使用验证风险评分的大型语言模型进行临床风险计算。

人工智能的最新进展推动了自然语言理解中的大型语言模型（llm），使新的医疗保健应用成为可能。虽然法学硕士可以分析健康数据，但由于不准确、偏差和难以解释复杂的医疗数据，直接预测患者风险评分可能不可靠。一种更可靠的方法是使用法学硕士来计算传统的临床风险评分——医学上广泛接受的经过验证的循证公式。这提高了有效性，透明度和安全性，依靠已建立的评分系统，而不是llm生成的风险评估，同时仍然允许llm通过清晰和可解释的解释来加强临床工作流程。在这项研究中，我们评估了三个公共llms - gft - 40 -mini， DeepSeek v3和谷歌Gemini 2.5 Flash-in，计算了五个临床风险评分：CHA₂DS₂-VASc， HAS-BLED， Wells评分，Charlson共病指数和Framingham风险评分。我们创建了100个代表不同临床场景的患者档案（每个分数20个），并将其转换为自然语言临床笔记。这些提示法学硕士提取信息并计算风险评分。我们使用准确性、精密度、召回率、F1分数和Pearson相关性将llm生成的分数与经过验证的公式的参考分数进行了比较。gpt - 40 -mini和Gemini 2.5 Flash的表现优于DeepSeek v3，在大多数得分上表现出近乎完美的一致。然而，所有模型都在复杂的Framingham风险评分中挣扎，这表明一般法学硕士在复杂风险计算方面面临挑战。

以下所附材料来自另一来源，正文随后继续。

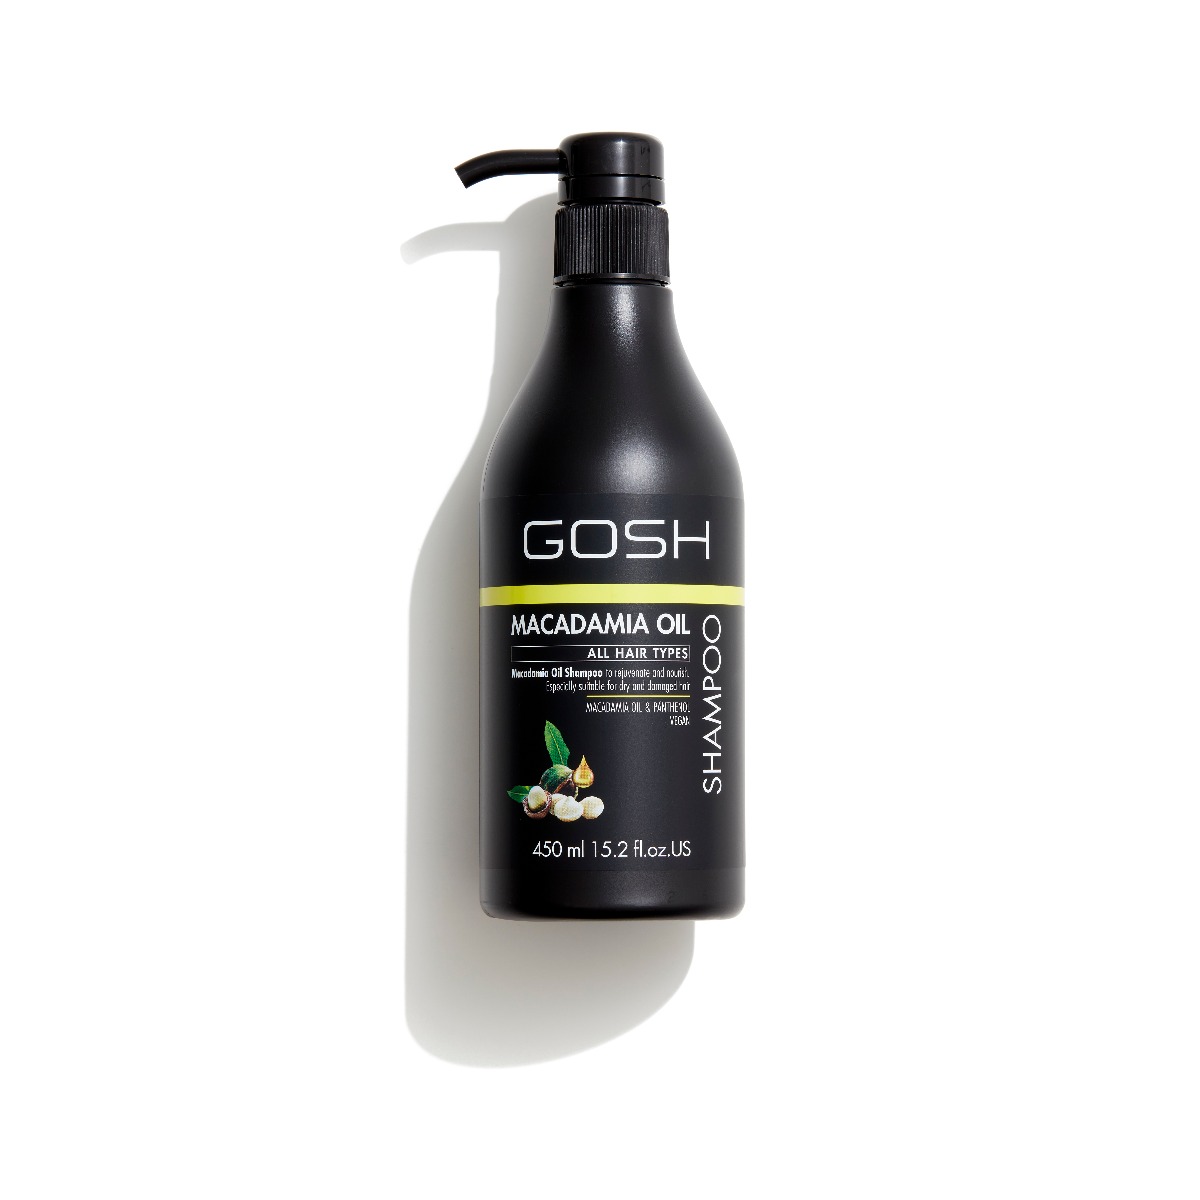 Billede af Hair Shampoo 450ml - Macadamia Oil hos Gosh Copenhagen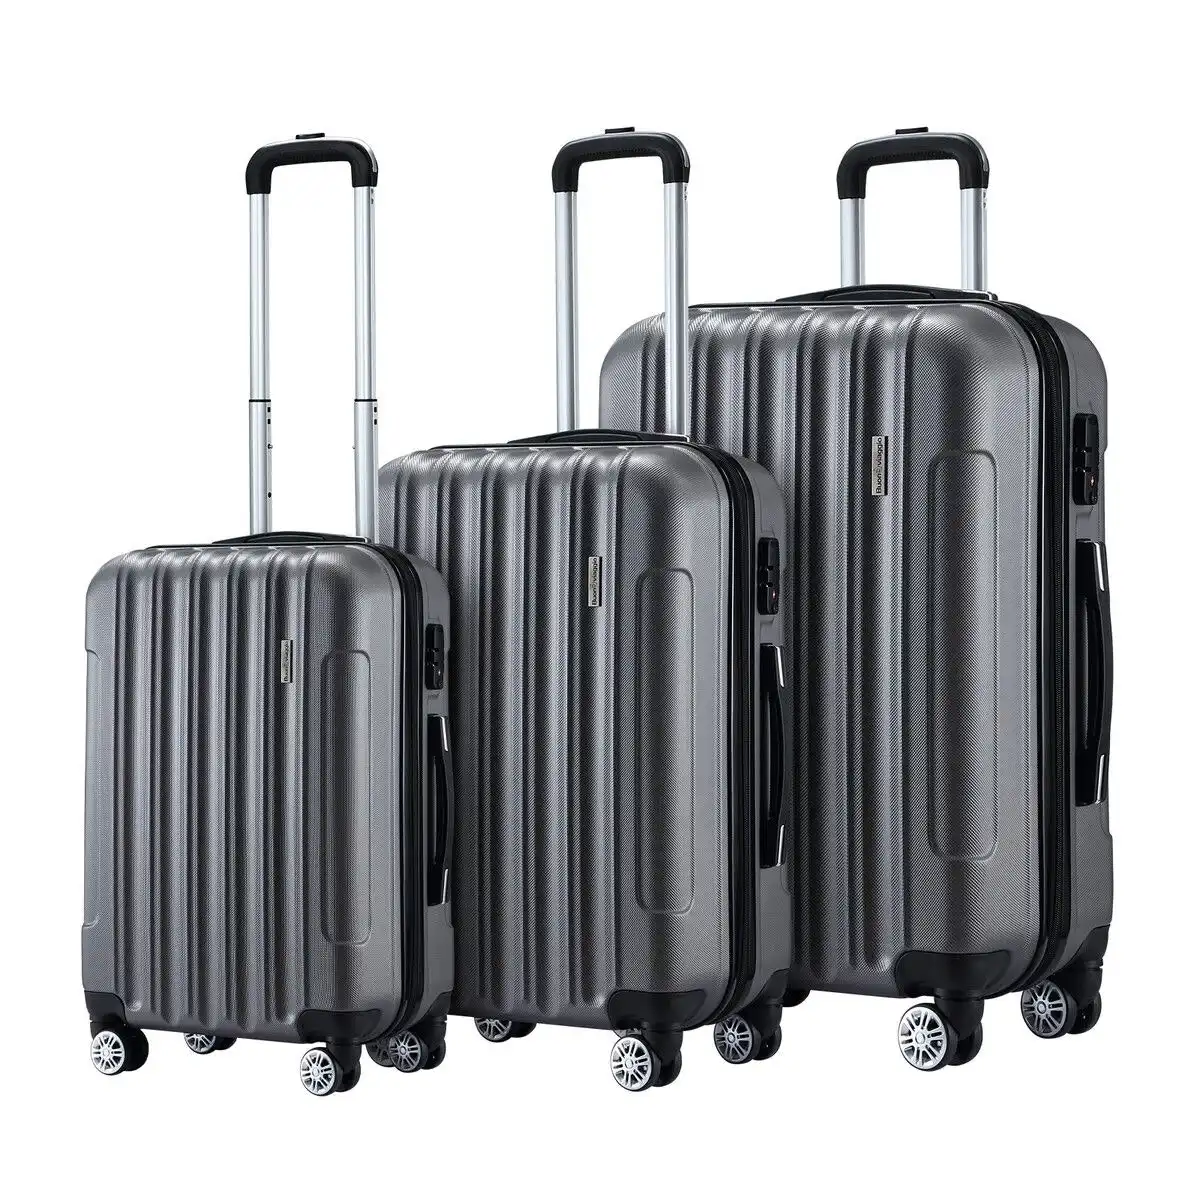 Buon Viaggio 3PCS Luggage Set Hard Carry On Travel Suitcases Trolley Lightweight with TSA Lock 2 Covers Dark Grey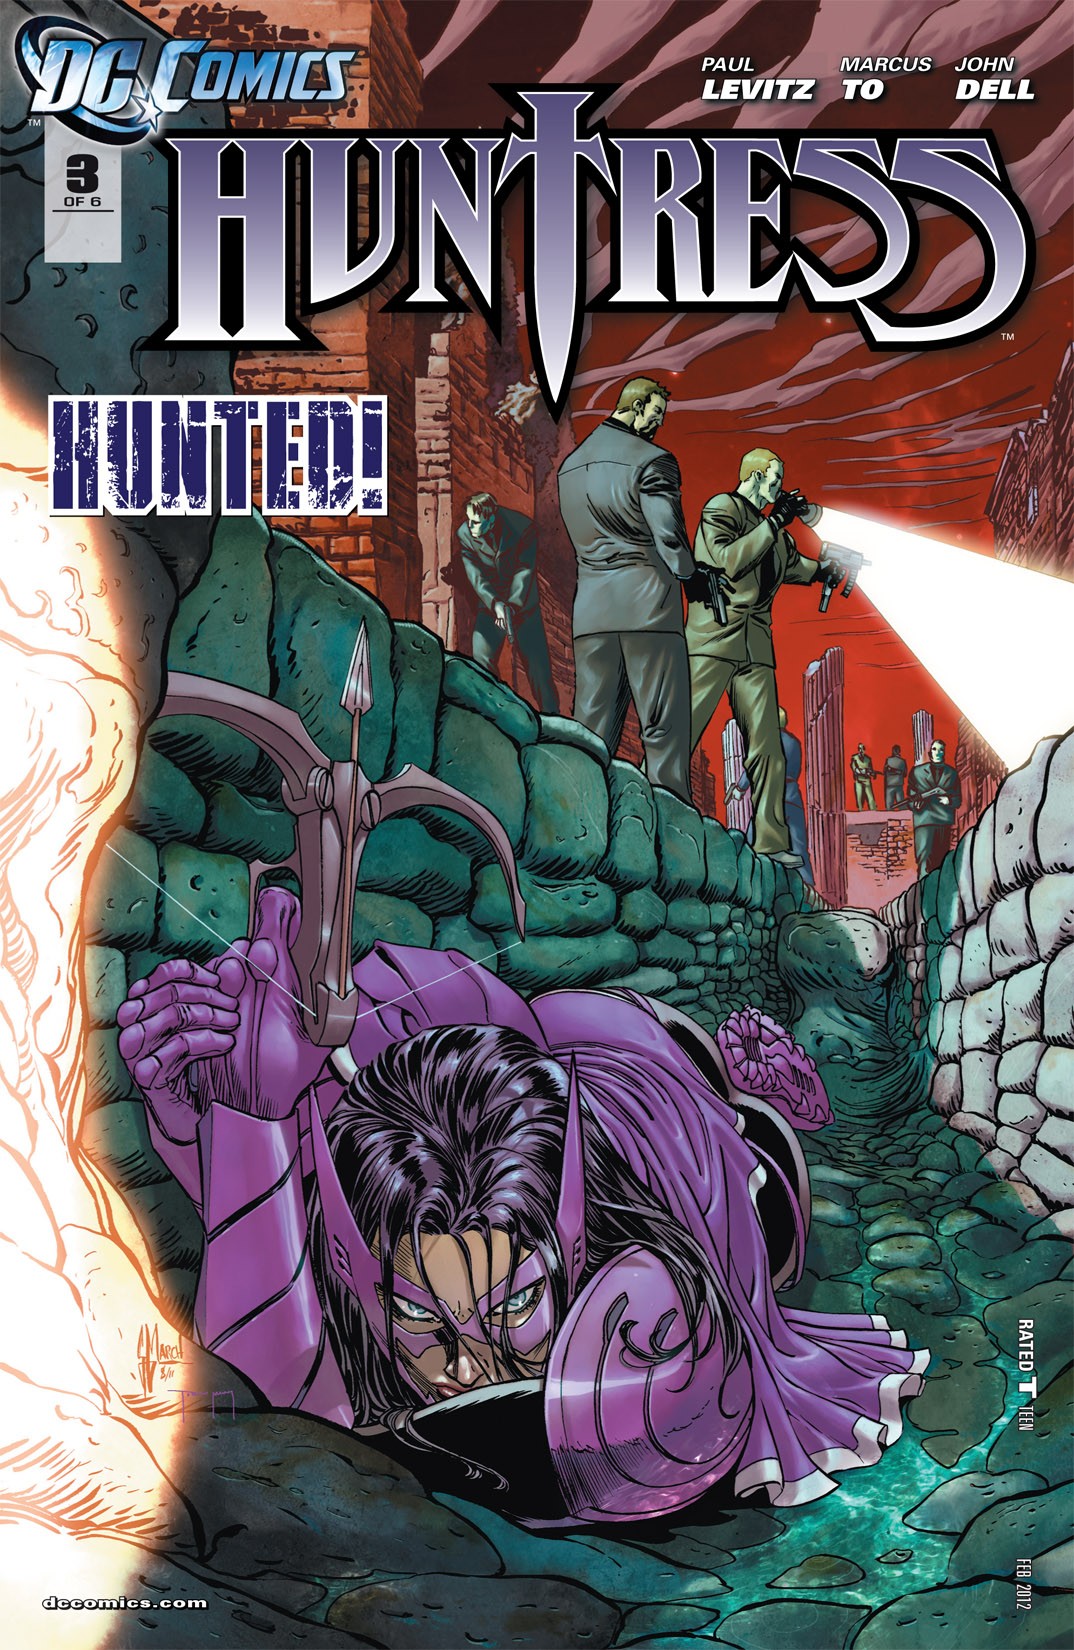 Huntress Vol. 3 #3

本文章由计算机程序翻译，如有差异，请以英文原文为准。

求助全文

约1分钟内获得全文求助全文

来源期刊

Journal of Medical Systems 医学-卫生保健

CiteScore

11.60

自引率

1.90%

发文量

审稿时长

4.8 months

期刊介绍： Journal of Medical Systems provides a forum for the presentation and discussion of the increasingly extensive applications of new systems techniques and methods in hospital clinic and physician''s office administration; pathology radiology and pharmaceutical delivery systems; medical records storage and retrieval; and ancillary patient-support systems. The journal publishes informative articles essays and studies across the entire scale of medical systems from large hospital programs to novel small-scale medical services. Education is an integral part of this amalgamation of sciences and selected articles are published in this area. Since existing medical systems are constantly being modified to fit particular circumstances and to solve specific problems the journal includes a special section devoted to status reports on current installations.